Clefts of the lip and palate are common birth defects, affecting approximately 1 in 700 births worldwide. The aetiology of clefting is complex, with multiple genetic and environmental influences.
Genotype based linkage disequilibrium analysis was conducted using the family based association test (FBAT) and the likelihood ratio test (LRT). We also carried out direct sequencing of the PVR and PVRL2 candidate genes based on their homology to PVRL1, a gene shown previously to cause Margarita Island clefting. Participants included 434 patients with cleft lip with or without cleft palate or cleft palate only and their mothers from eight countries in South America, 205 nuclear triads (father-mother-affected child) from Iowa, 541 nuclear triads from Denmark, and 100 patients with cleft lip and palate from the Philippines.
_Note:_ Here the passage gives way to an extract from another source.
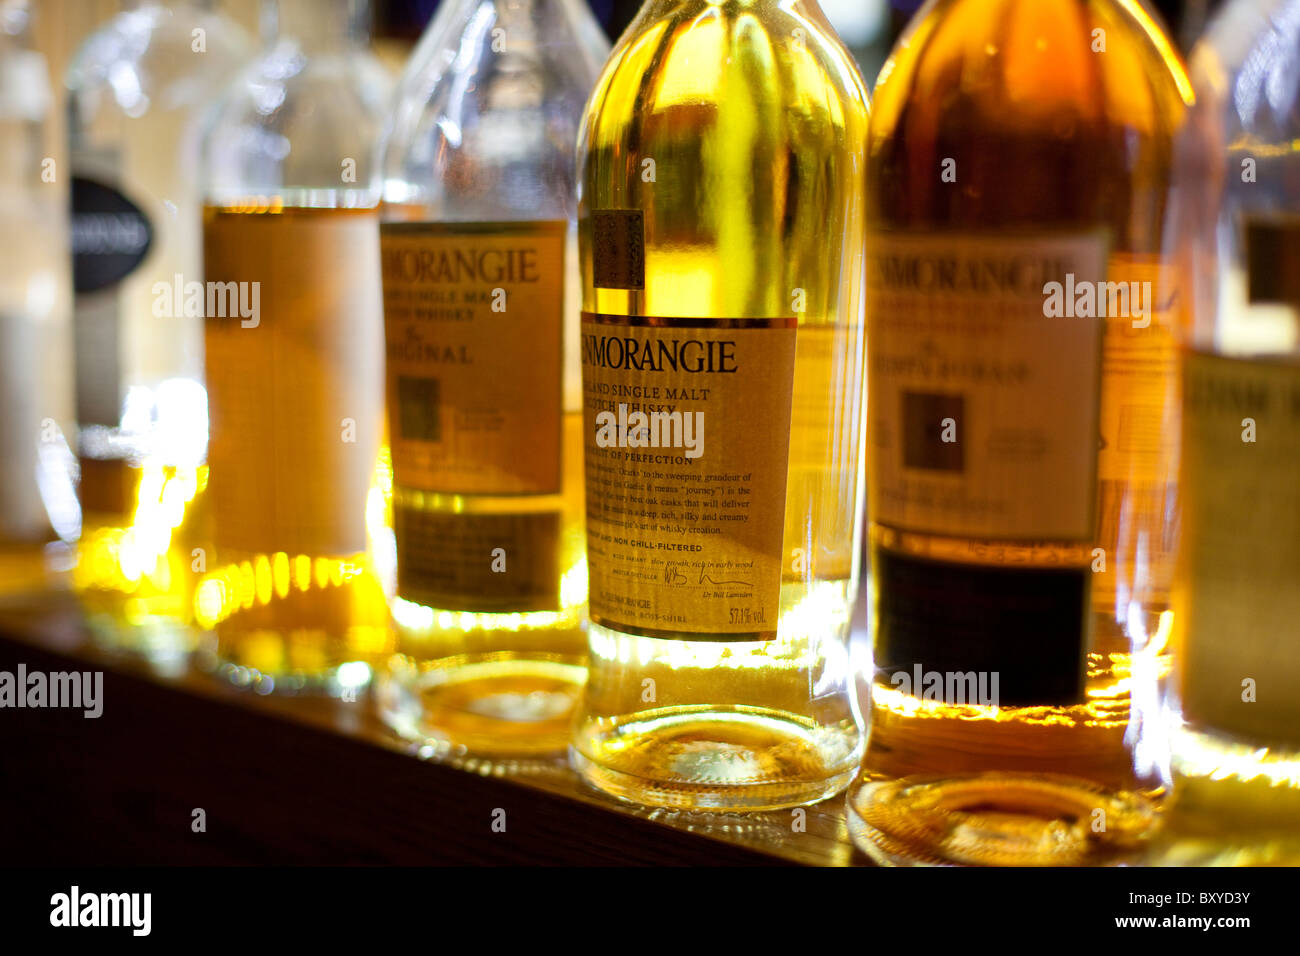 The Albannach whisky bar and restaurant, Trafalgar Square, London. Stock Photo

An allelic variant in the PVR gene showed statistically significant association with both South American and Iowa populations (p = 0.0007 and p = 0.0009, respectively). Direct sequencing of PVR and PVRL2 yielded 26 variants, including two rare amino acid changes, one in each gene, which were not seen in controls.
We found an association between a common variant in a gene at 19q and isolated clefting in two heterogeneous populations. However, it is unclear from our data if rare variants in PVR and PVRL2 are sufficient to cause clefting in isolation.
唇腭裂是常见的出生缺陷,全球约每700例出生中就有1例受影响。腭裂的病因复杂,受多种遗传和环境因素影响。
使用基于家系的关联检验(FBAT)和似然比检验(LRT)进行基于基因型的连锁不平衡分析。我们还基于PVR和PVRL2候选基因与PVRL1的同源性对其进行直接测序,PVRL1基因先前已被证明可导致玛格丽塔岛腭裂。参与者包括来自南美洲八个国家的434例唇裂伴或不伴腭裂或仅腭裂患者及其母亲、来自爱荷华州的205个核心三联体(父亲-母亲-患病子女)、来自丹麦的541个核心三联体以及来自菲律宾的100例唇腭裂患者。
PVR基因中的一个等位基因变异与南美洲和爱荷华州人群均显示出统计学上的显著关联(分别为p = 0.0007和p = 0.0009)。对PVR和PVRL2的直接测序产生了26个变异,包括两个罕见的氨基酸变化,每个基因各一个,在对照组中未发现。
我们在两个异质人群中发现19q上一个基因的常见变异与孤立性腭裂之间存在关联。然而,从我们的数据尚不清楚PVR和PVRL2中的罕见变异是否足以单独导致腭裂。